Gourami's are super sensitive to sound waves, but not bettas.
He is very nice looking! He looks like he has a mustache.


----------



## turtle10 (Dec 30, 2010)

I know I love his 'stache!


----------



## Bettas143 (Dec 20, 2010)

Name him Glacier


----------



## Fermin (Apr 18, 2010)

Congrats! He is awesome and so his is 'stache lol.


----------



## MrVampire181 (May 12, 2009)

Don't be suprised if he gets to you all blue or something haha.


----------



## monroe0704 (Nov 17, 2010)

MrVampire181 said:


> Don't be suprised if he gets to you all blue or something haha.

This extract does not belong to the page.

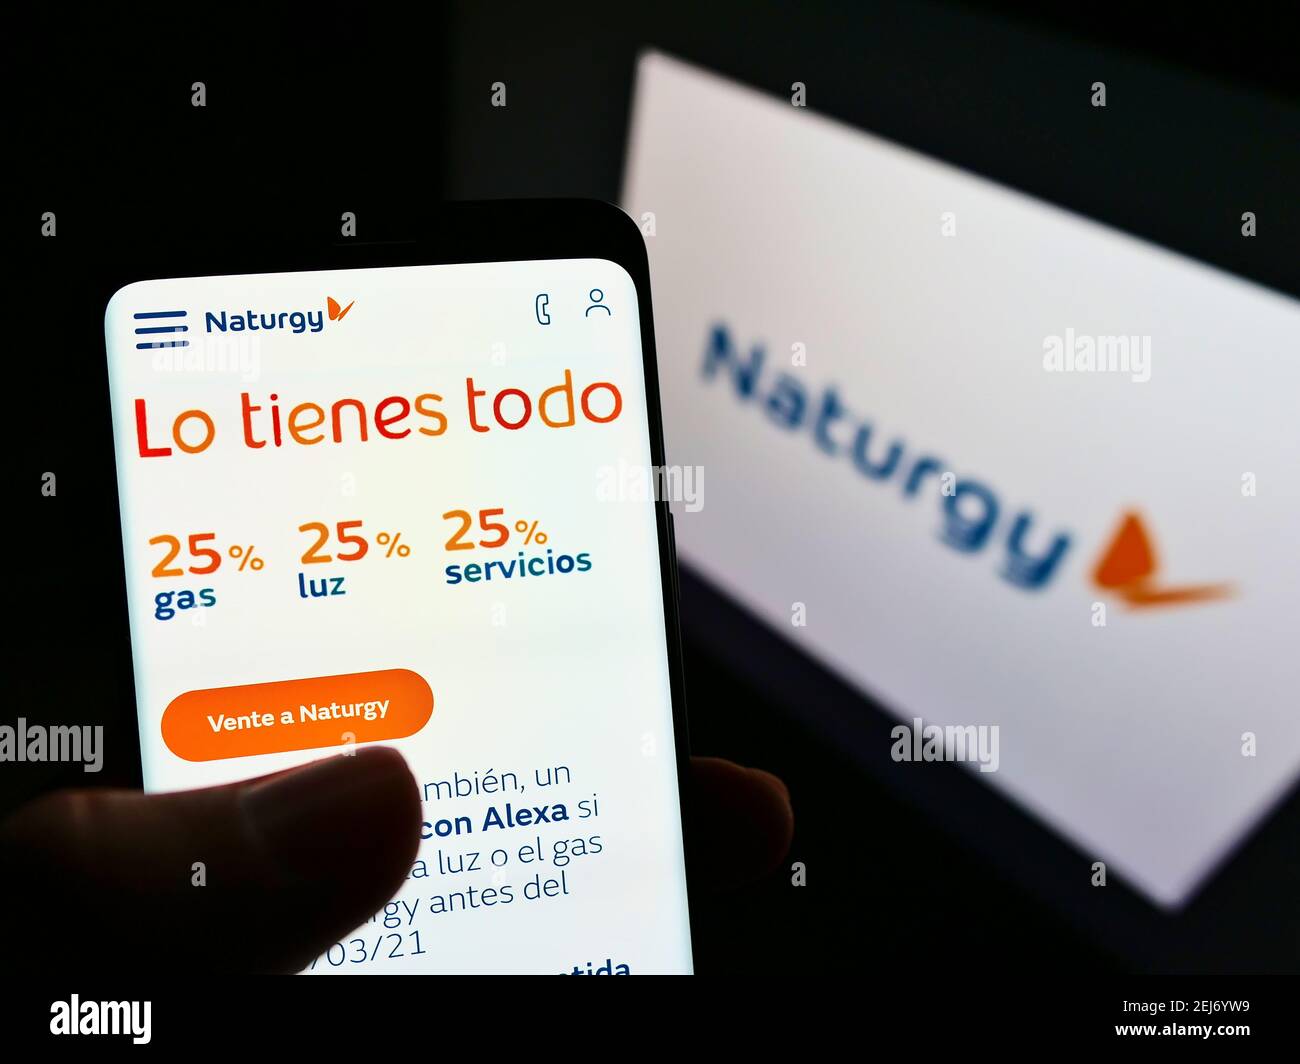 Persona titolare smartphone con sito web della società energetica spagnola Naturgy Energy Group SA su schermo con logo. Mettere a fuoco al centro-sinistra del display del telefono. Foto Stock

I agree! Harley is marble and is slowly turning all blue... He just has patches of white here and there now...


----------



## xswornxoffxjello (Mar 18, 2010)

Wow! Congratulations on your win! He's a gorgeous boy, with his cute little mustache. Awww!


----------



## turtle10 (Dec 30, 2010)

I don't mind what color he is lol, I already love him 

But that would be pretty funny.


----------



## dr2b (May 31, 2009)

He is gorgeous!


----------



## crowntail lover (Apr 25, 2009)

He is beautiful! Glad you won him!


----------



## turtle10 (Dec 30, 2010)

I know me too! I can't wait to see him in person.


----------



## dukie1346 (Mar 22, 2009)

He's beautiful! Lovely coloring


----------



## fishman12 (Sep 1, 2010)

Looks cool!


----------



## Omboc (Dec 25, 2010)

I like the name Andromeda for this particular guy


----------



## LucyLoofa (May 30, 2010)

^
+1000
Then again I'm partial to space related names. (Total Carl Sagan fangirl haha)




shinybetta said:


> Gourami's are super sensitive to sound waves, but not bettas.
> He is very nice looking! He looks like he has a mustache.

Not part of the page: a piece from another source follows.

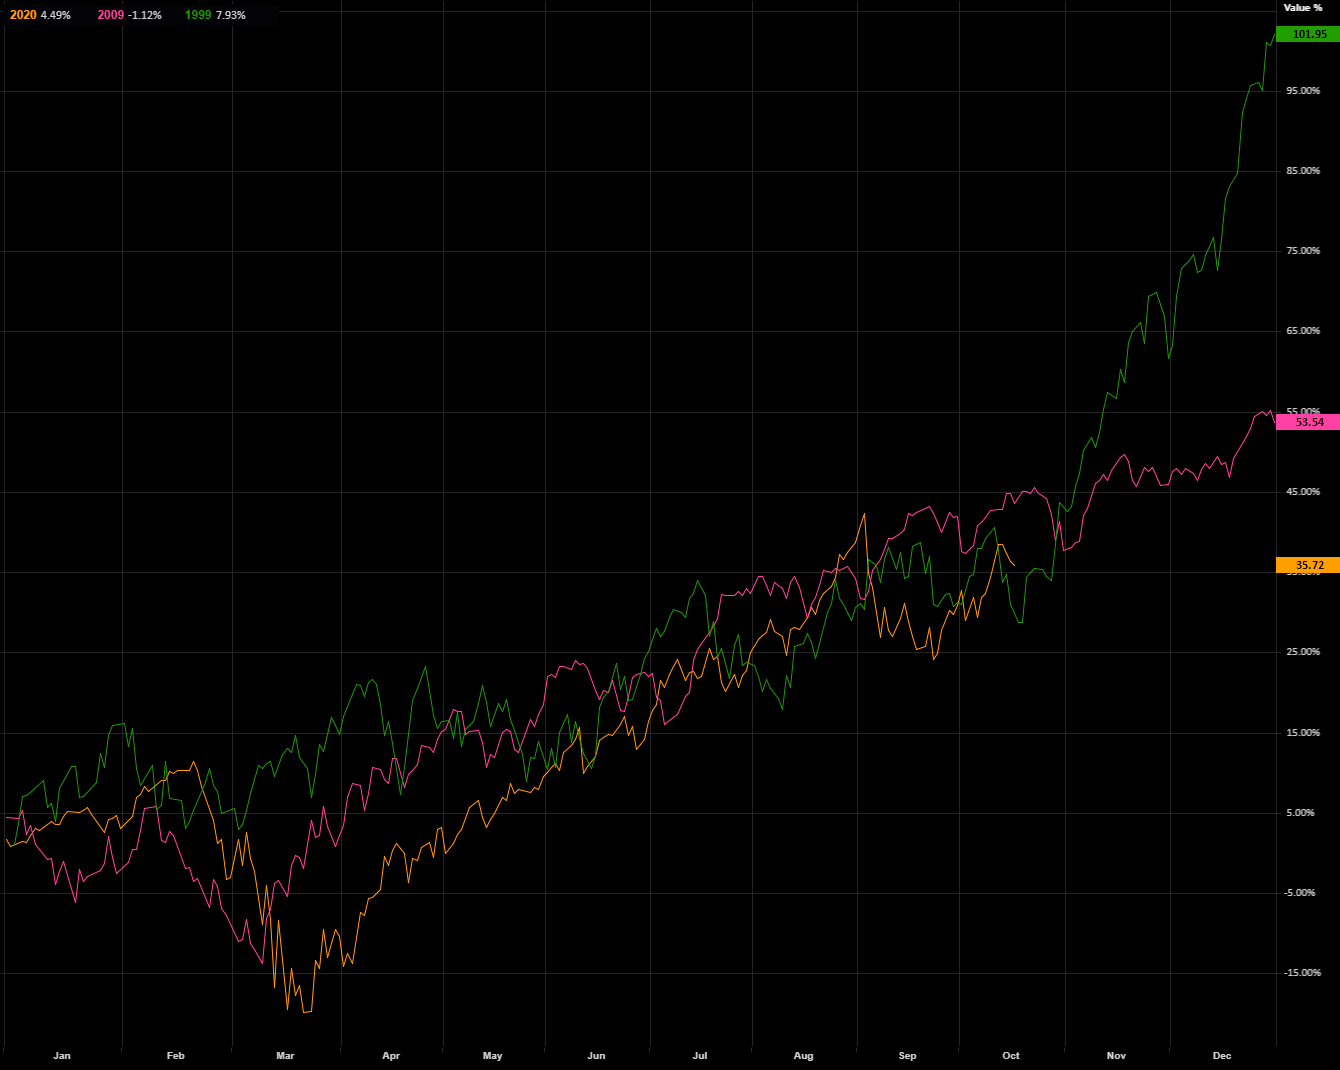 NASDAQ - 2009 or 1999 analogy?

 I love his stache as well! So cute!
Then again I'm a rather biased person when it comes to facial hair.
It's part of why I found my bf so attractive! haha.
I just love cute little mustache bettas! 
I forget who, but someone on here has a cute little girl betta with red on both her lips! It's like lipstick! So cute!!!
He's gorgeous! Cuttos(sp?) on winning the bid!


----------



## turtle10 (Dec 30, 2010)

My boyfriend has facial hair too! lol

Aww the lipstick betta sounds cute, I saw a pic of a male betta on here with black lipstick. So adorable.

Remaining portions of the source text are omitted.